Excellent article. I can relate to a lot of it. The sad part is that we can't even control the quality of the systems we're oncall for. We're pushed by management for new features, not for robustness of the tools. Also some systems have no clear ownership, so nobody has an incentive to fix them. It'll be next oncall's business. Oncall is really the worst part of my job. I can stand long hours but this is something else.
One of the sidebars mentions that: "The production system in question is almost certainly a schizophrenic box of compromises brought about through poor decision-making, unaddressed technical debt, design-by-committee, and impossible timelines and budgets. This is not a system that any single rational human being on the team would’ve chosen to build if permitted to do so alone. Trying to assert ownership over an environment like that is just begging to get your shit rocked."
That’s basically every company and every system ever. Things are always in a state of flux, constantly being worked on. People come and go, priorities change and technologies evolve.
> Also some systems have no clear ownership, so nobody has an incentive to fix them.

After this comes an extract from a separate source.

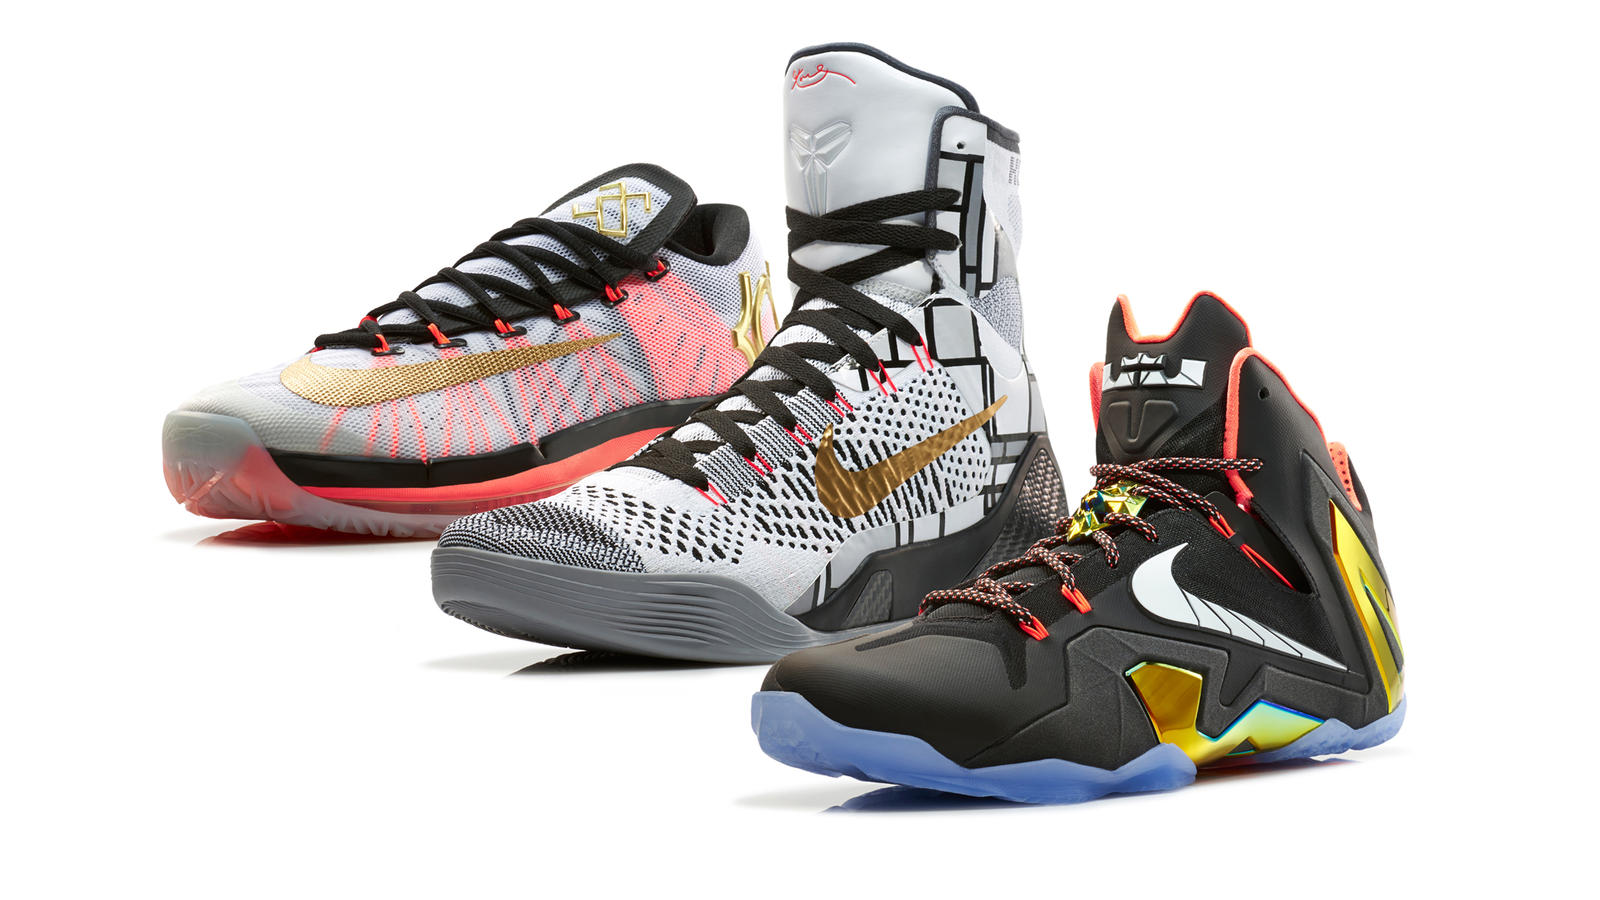 Premium Standard: Nike Basketball Elite Series Gold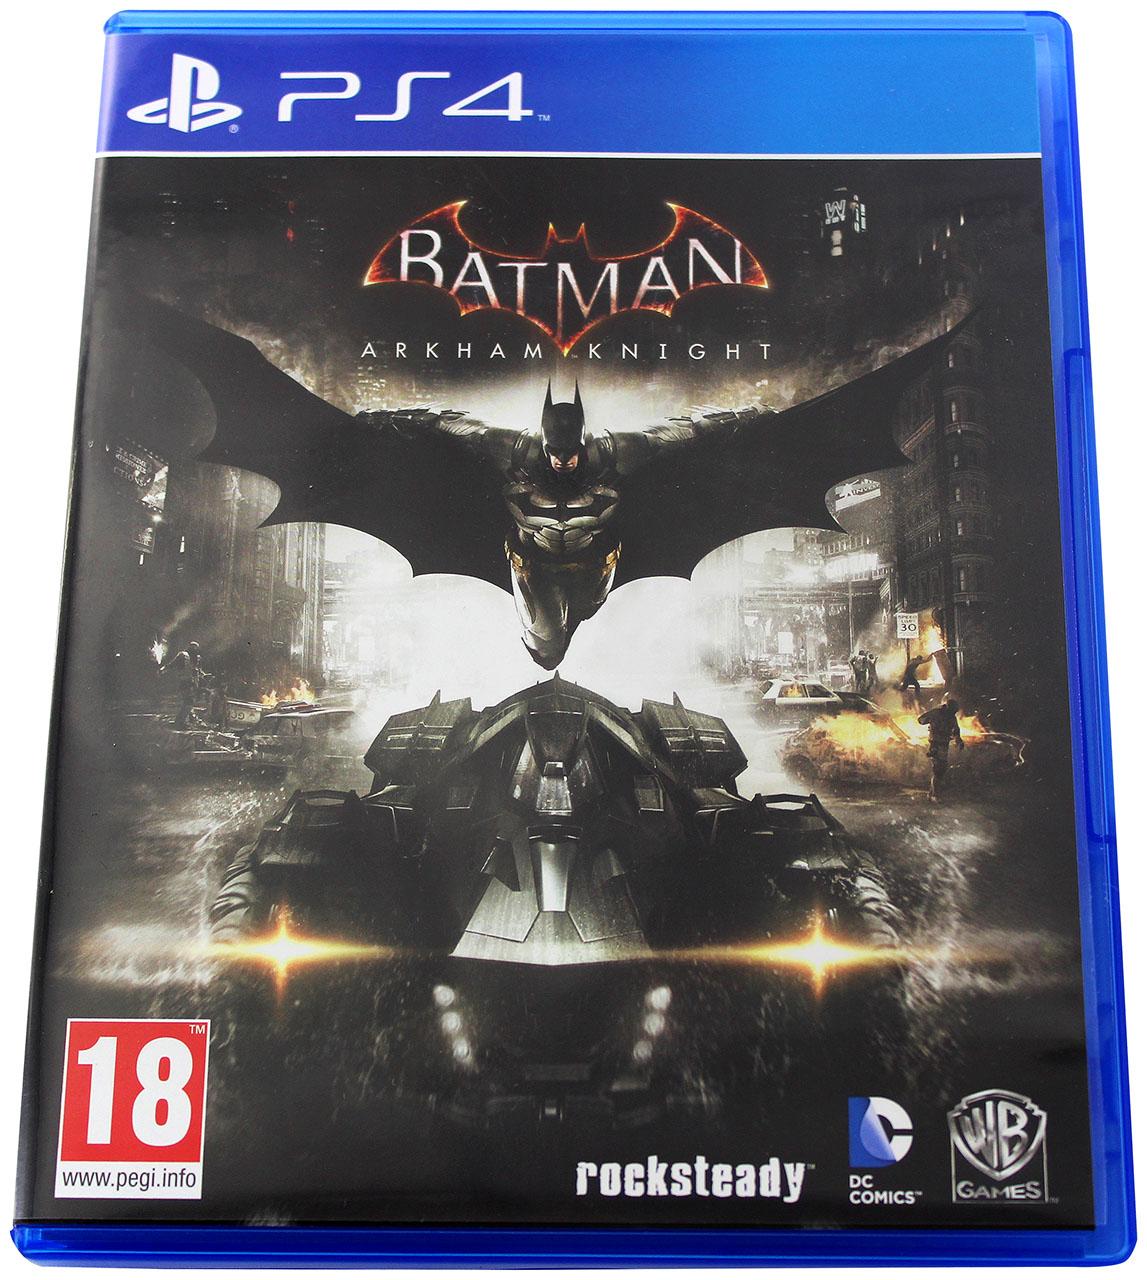 Batman: Arkham Knight (Playstation 4) [UK IMPORT]

It’s even worse when the system isn’t business-critical: a reporting service, a manual intervention tool, something that quietly supports a process. When it fails, everyone is affected, but no one is accountable.
Ironically, these are often legacy systems that have been rock-solid for years — so reliable they’re forgotten… until they break.
I feel for you, I’ve also suffered through this a lot over the years, and am finally at the stage of career and wisdom to start pushing back on the quality that I can’t control and ensuring that others are equally as accountable for their mess.
For one particular occasion , once we took blame out of the equation (at least within the engineering team) and started doing Post Incident Reports, the incentives finally became clear for the business as we were able to compile a list of recurrent issues during every issue, calculate a financial loss and present it for inspection each and every time they either began a witch hunt for downtime or refused to allocate time to backlog. Small wins.
I've been on call for almost 20 years. If a system is crashing often and disturbing your sleep but is not being prioritized to get fixed, then stop answering the calls. If it was important last night then it's still important this morning.
Be vocal and say "I will no longer respond when system XYZ goes down unless serious efforts are made to fix it."
If you get push back explain that you will also call the person telling you it's not important enough to fix each time it pages, and be willing to do so. What can they say?
So your solution is just "Get fired"?
If your case is valid you won't get fired for standing up for yourself. You might take some political damage but the guy willing to waste your sleep time was going to lay you off/betray you anyway.
> You won't get fired for standing up for yourself.
Yes you will, or can. "At will" employment in the US.